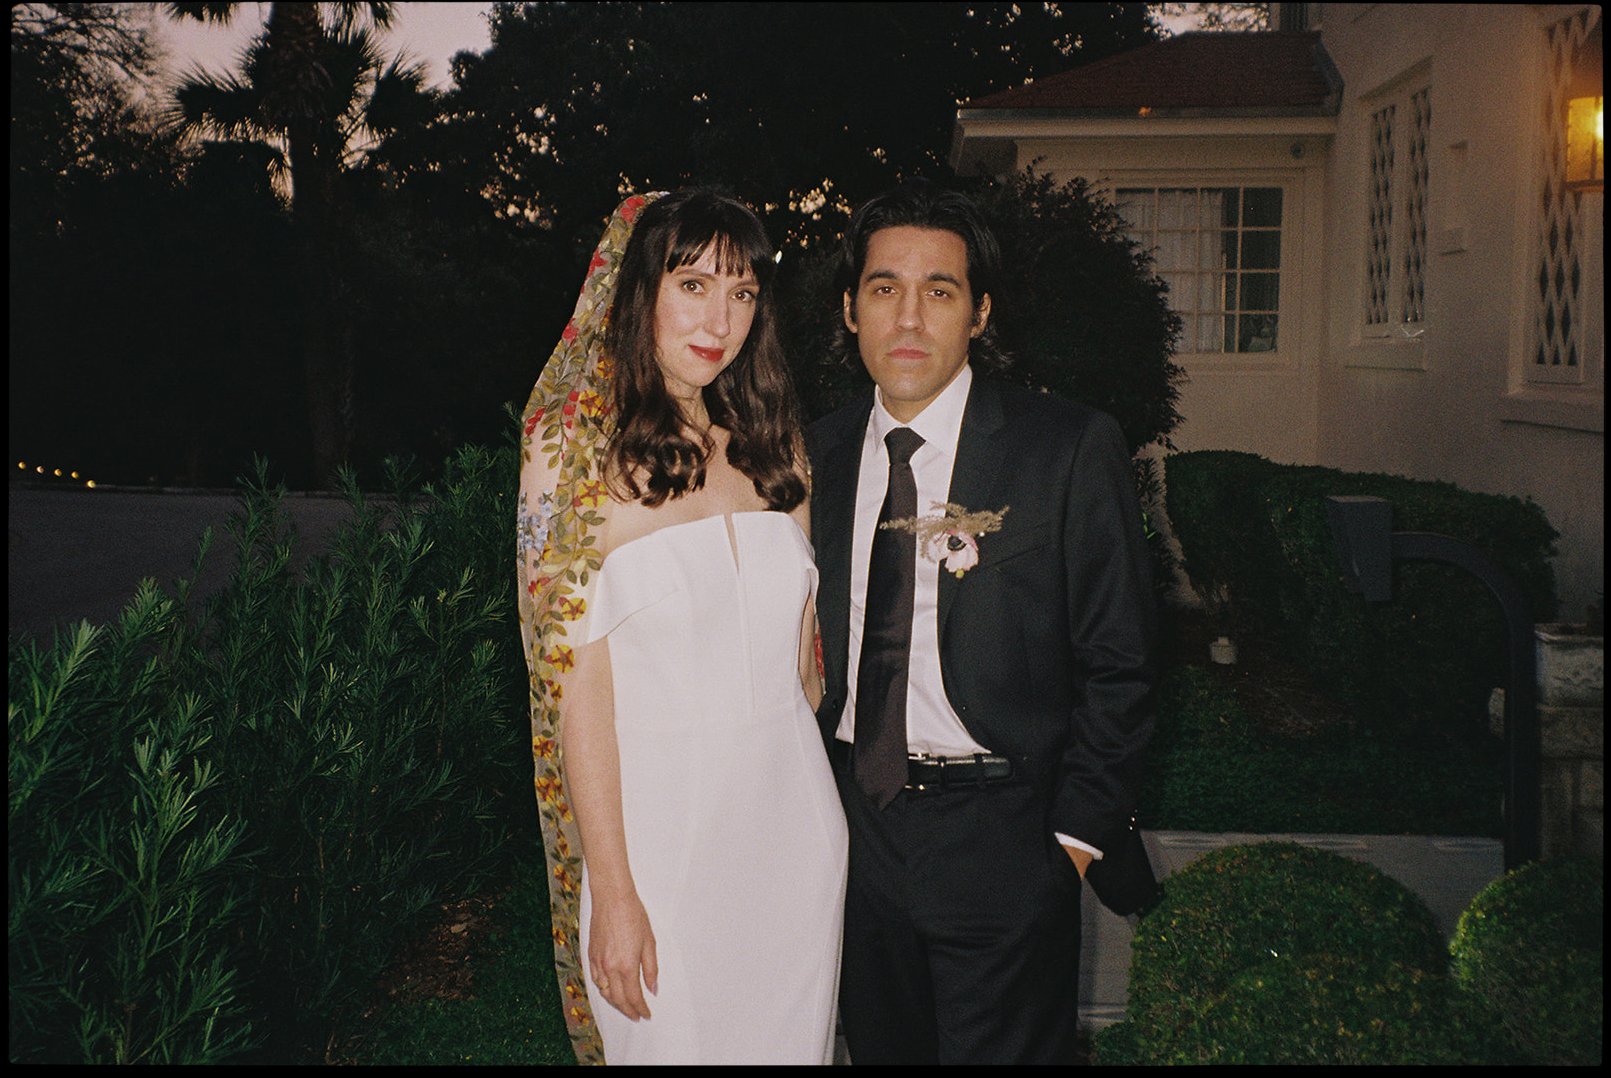 Best-Austin-Wedding-Photographers-Elopement-Film-35mm-Asheville-Santa-Barbara-Laguna-Gloria-87.jpg
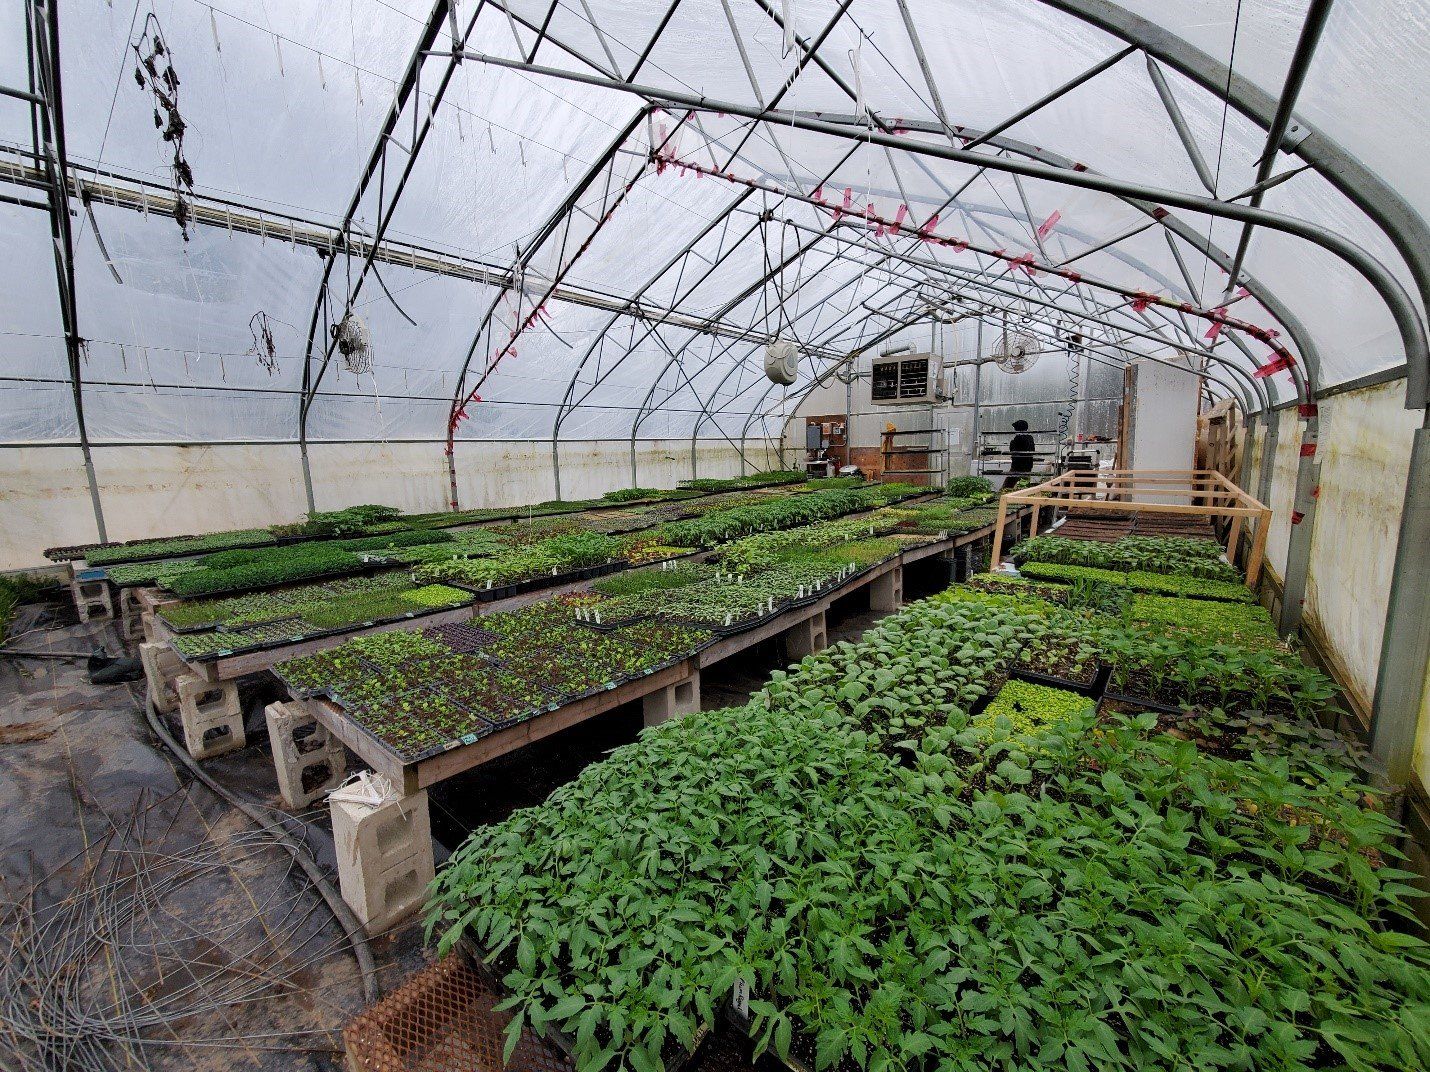 Next Happening: Lettuce Rejoice! May 6, 2021 - Seedling Sales Primer
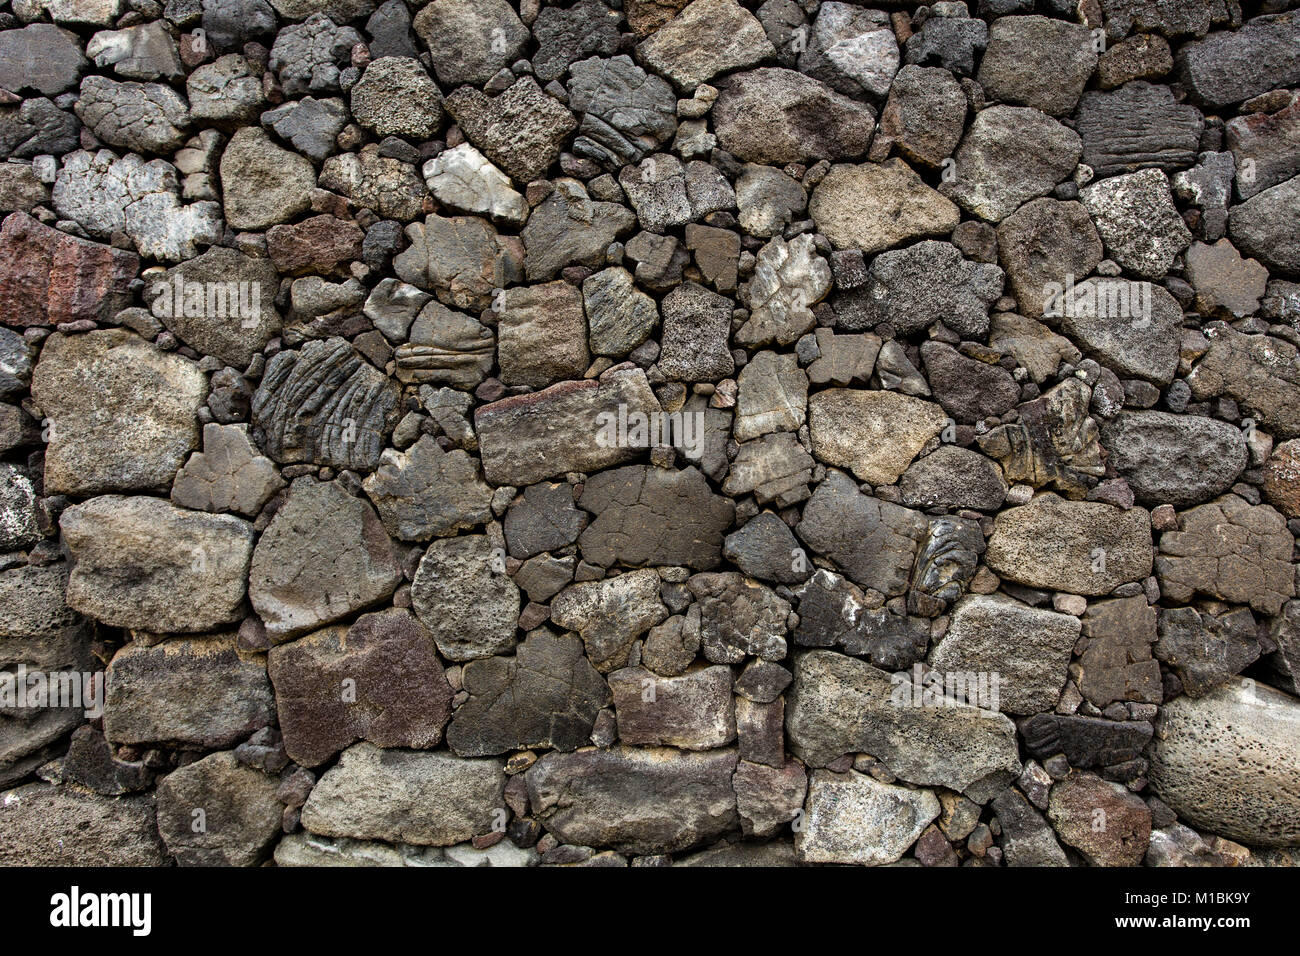 Stone wall made from volcanic rocks of Puuhonua o honaunau, Hawaii Stock Photo

++++++

What is needed: Reproduce every line of the material above, but drop the pictures.

Answer to this task:
 Best-Austin-Wedding-Photographers-Elopement-Film-35mm-Asheville-Santa-Barbara-Laguna-Gloria-87.jpg
 Next Happening: Lettuce Rejoice! May 6, 2021 - Seedling Sales Primer
 Stone wall made from volcanic rocks of Puuhonua o honaunau, Hawaii Stock Photo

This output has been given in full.